Copy verbatim the span of lines beginning at the line that contains "Mazzo a stelo" and ending with the final line of the data. Exclude pictures from the copy.
── SUPPLIED INFORMATION ──
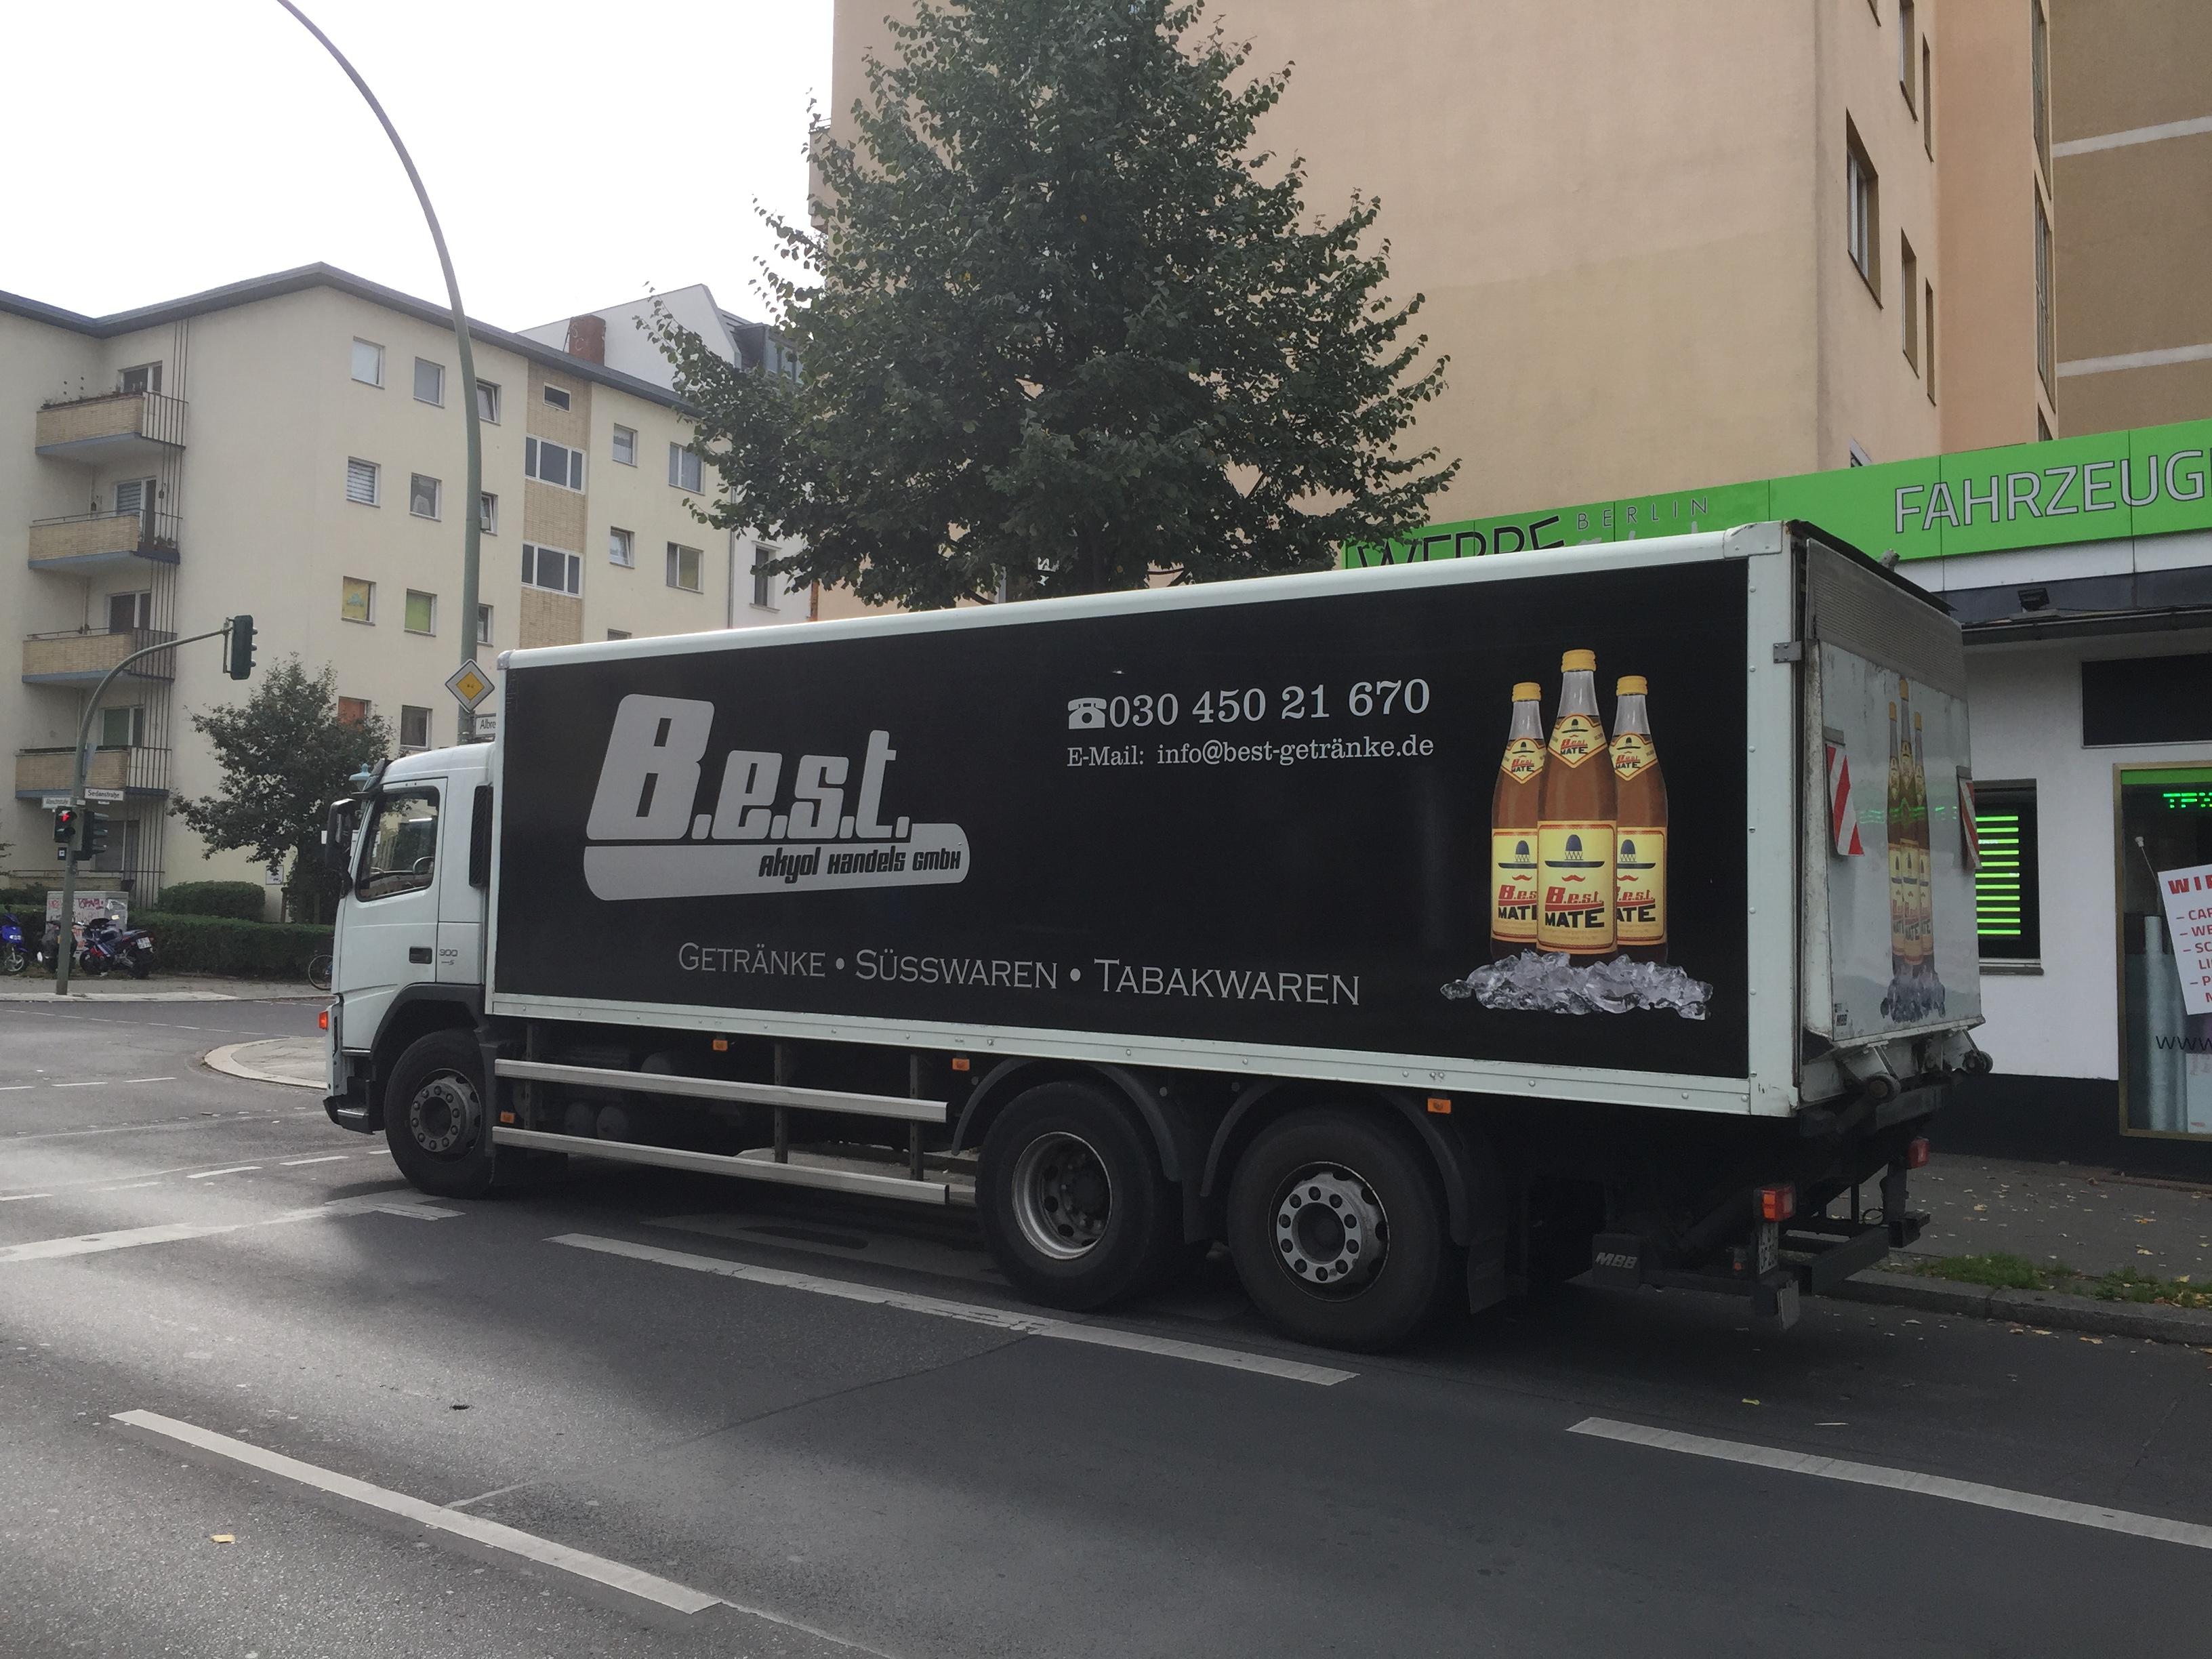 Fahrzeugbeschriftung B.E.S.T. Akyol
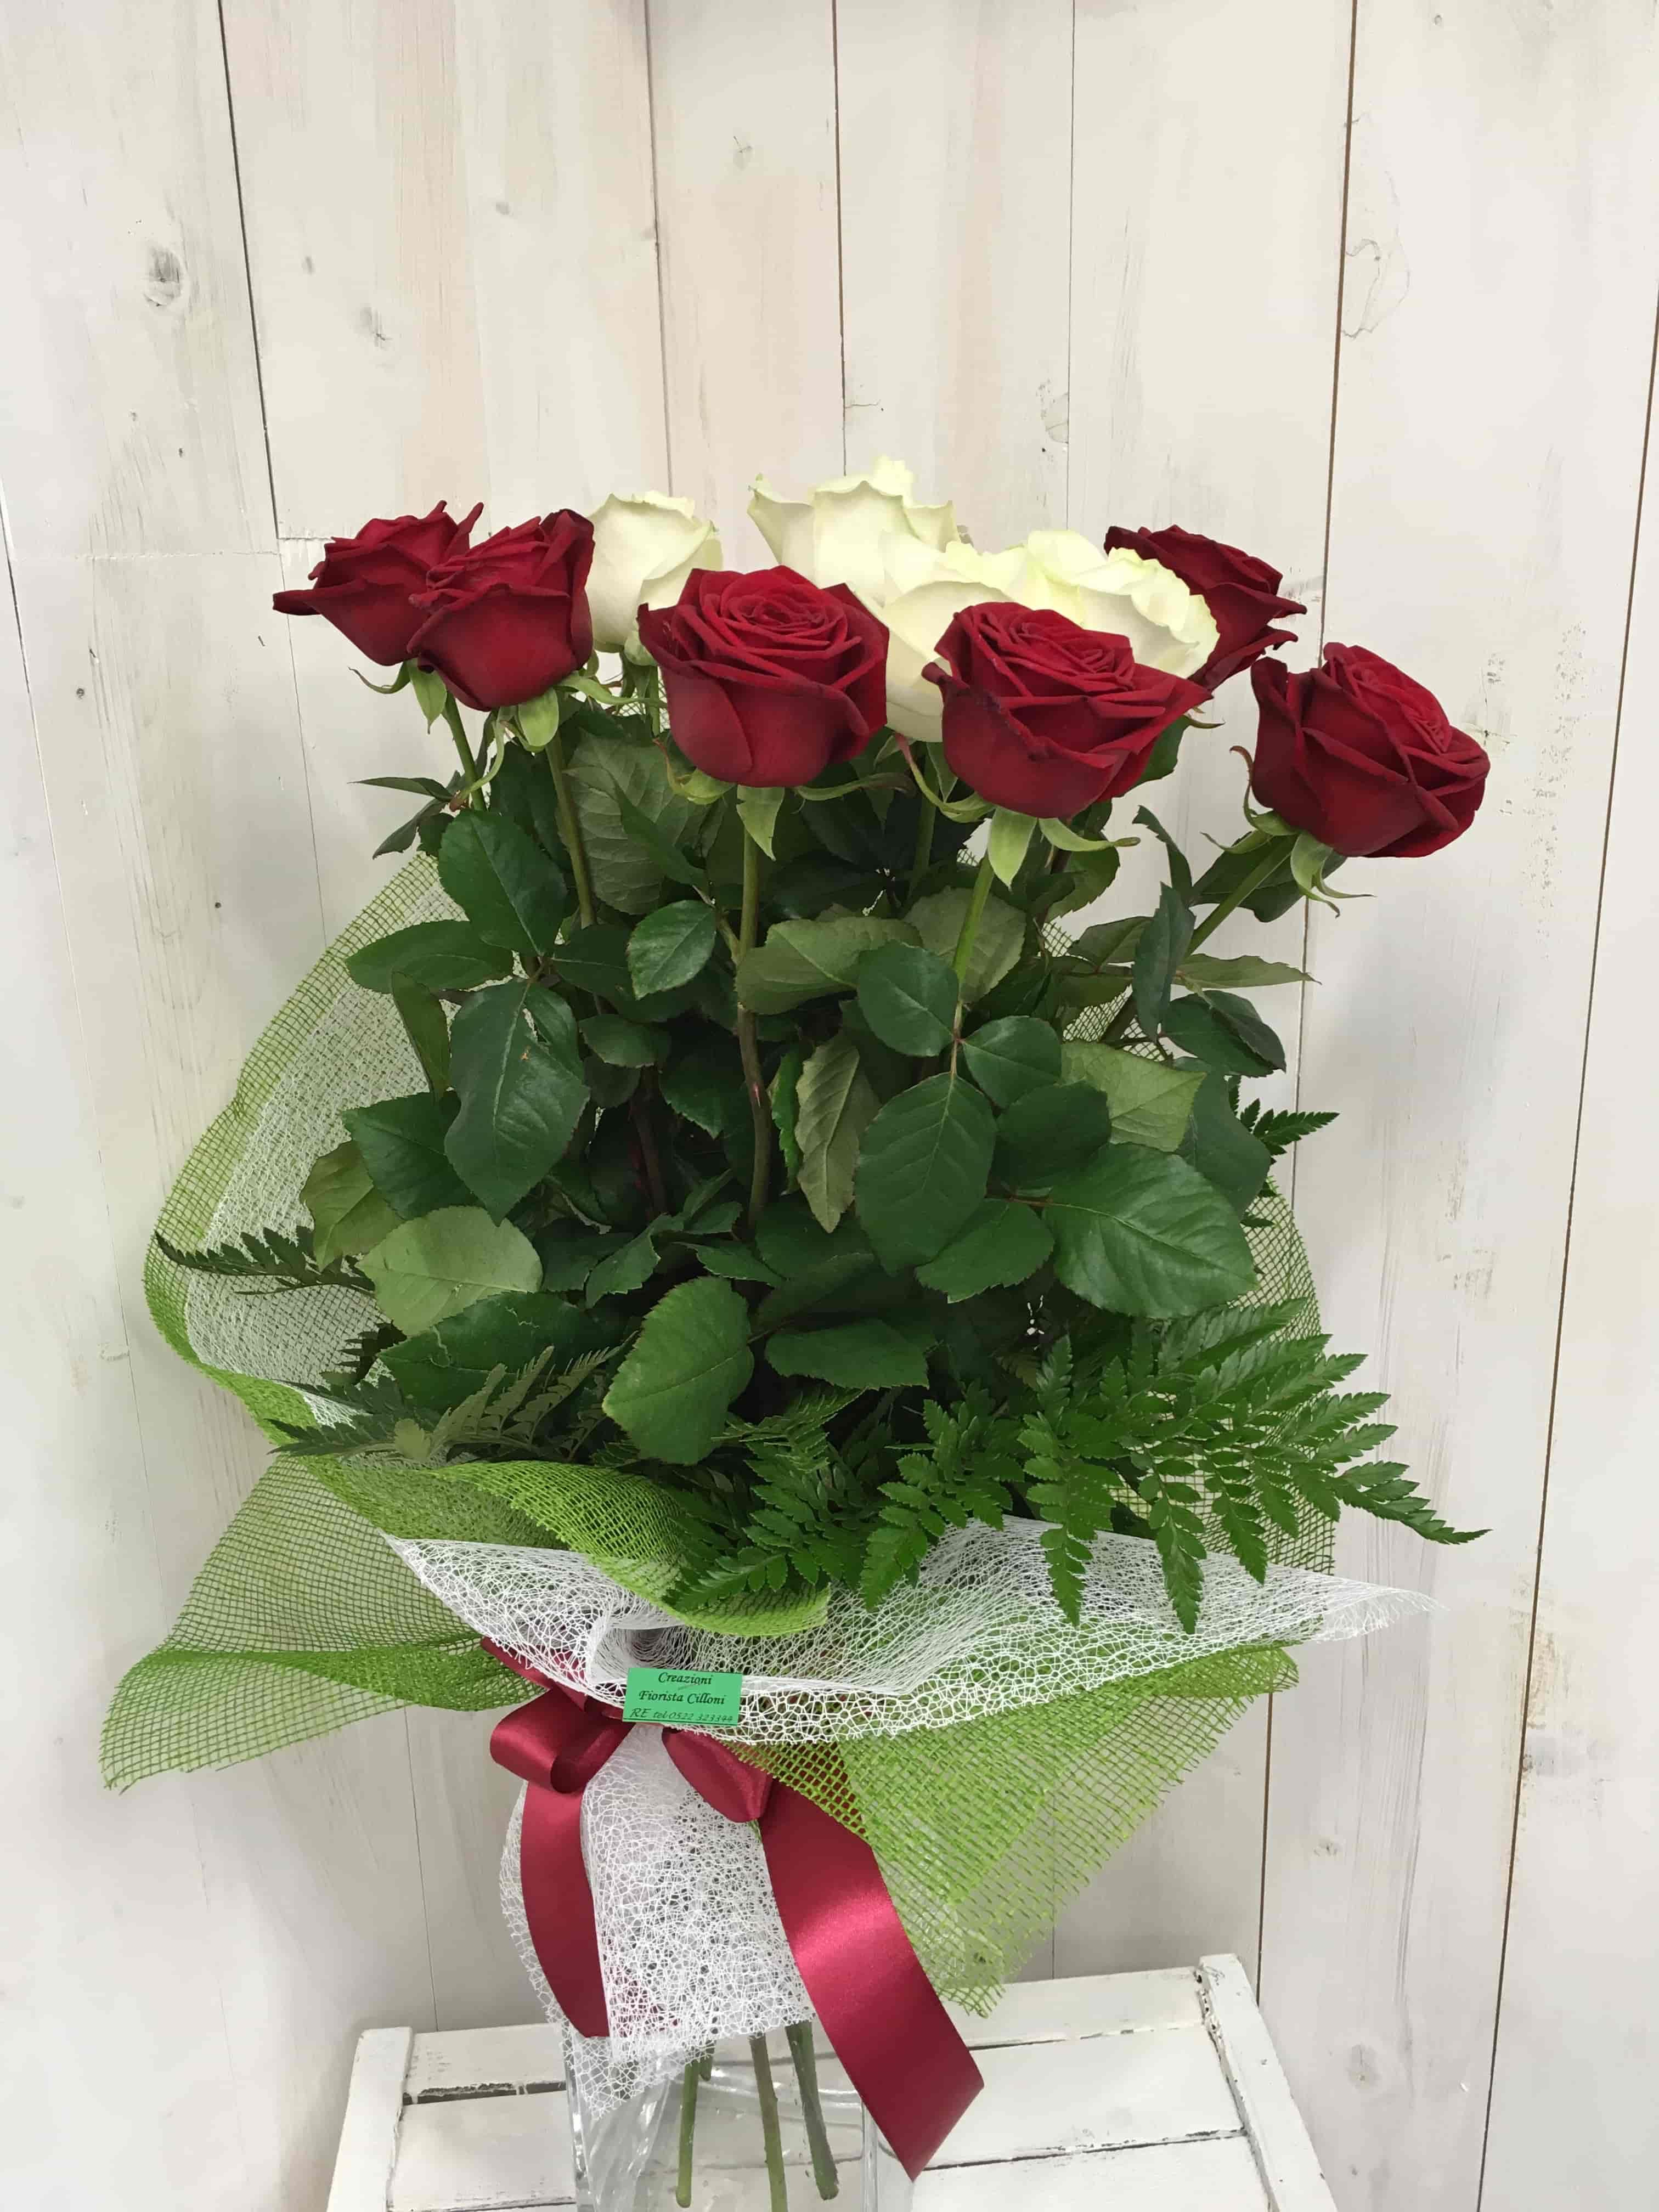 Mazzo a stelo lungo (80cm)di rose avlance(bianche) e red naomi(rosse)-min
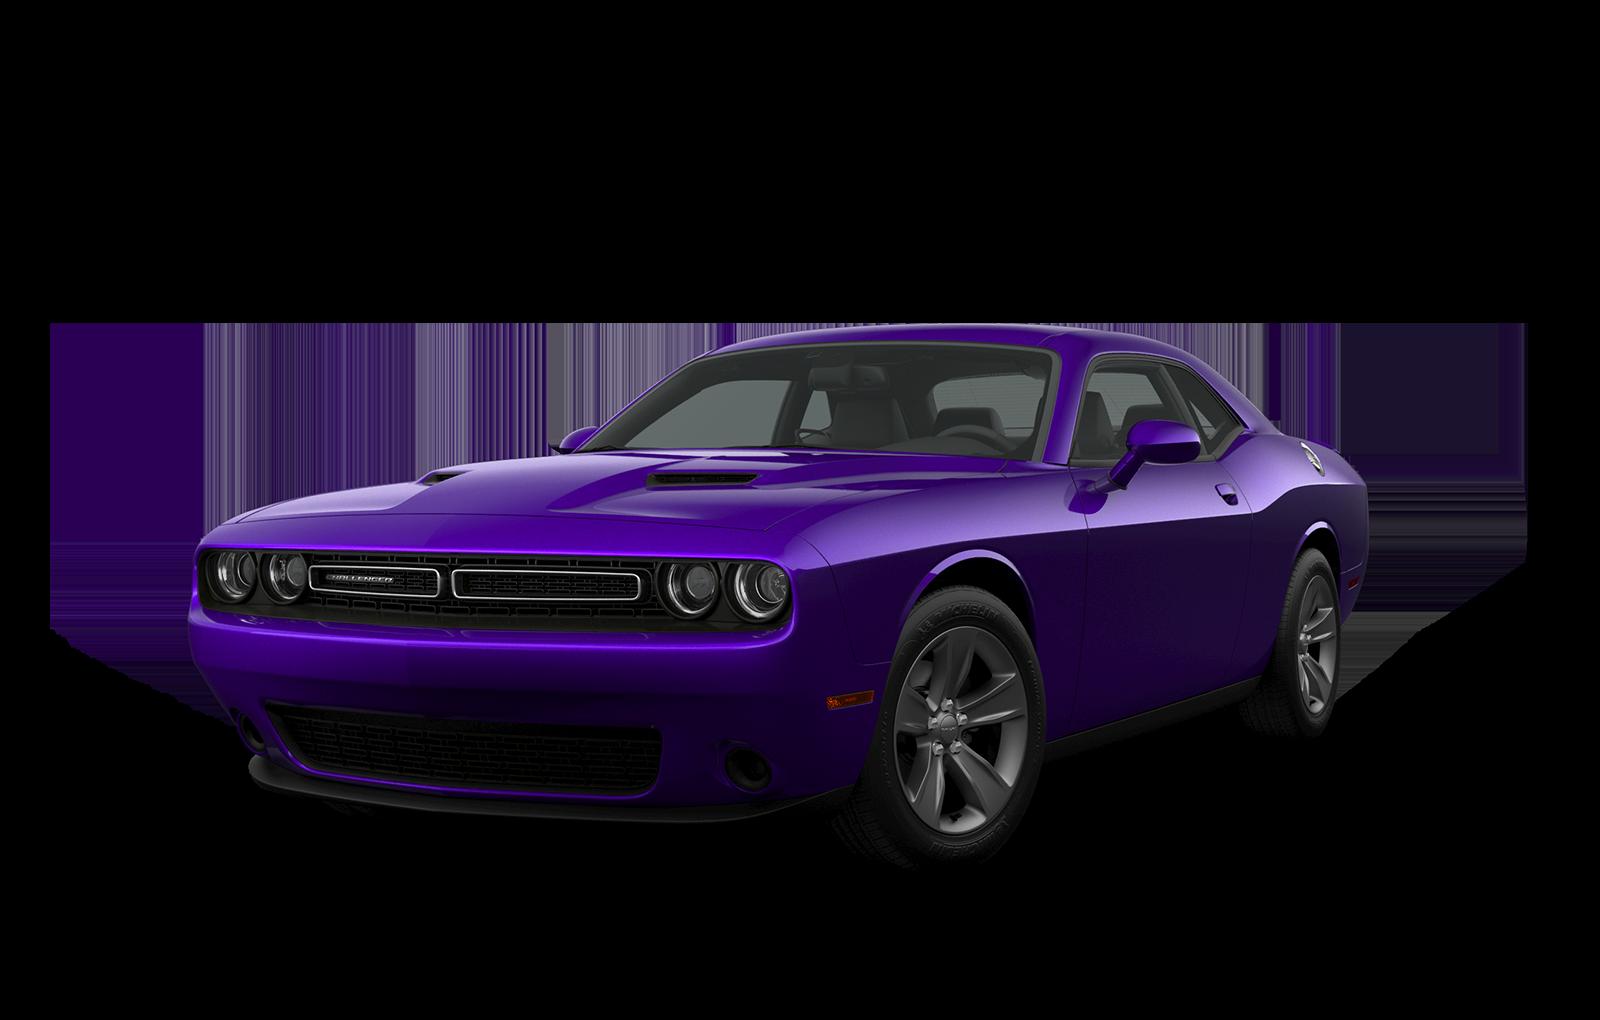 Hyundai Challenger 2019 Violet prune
───
- **SOLUTION FOR THIS EXERCISE**:
 Mazzo a stelo lungo (80cm)di rose avlance(bianche) e red naomi(rosse)-min
 Hyundai Challenger 2019 Violet prune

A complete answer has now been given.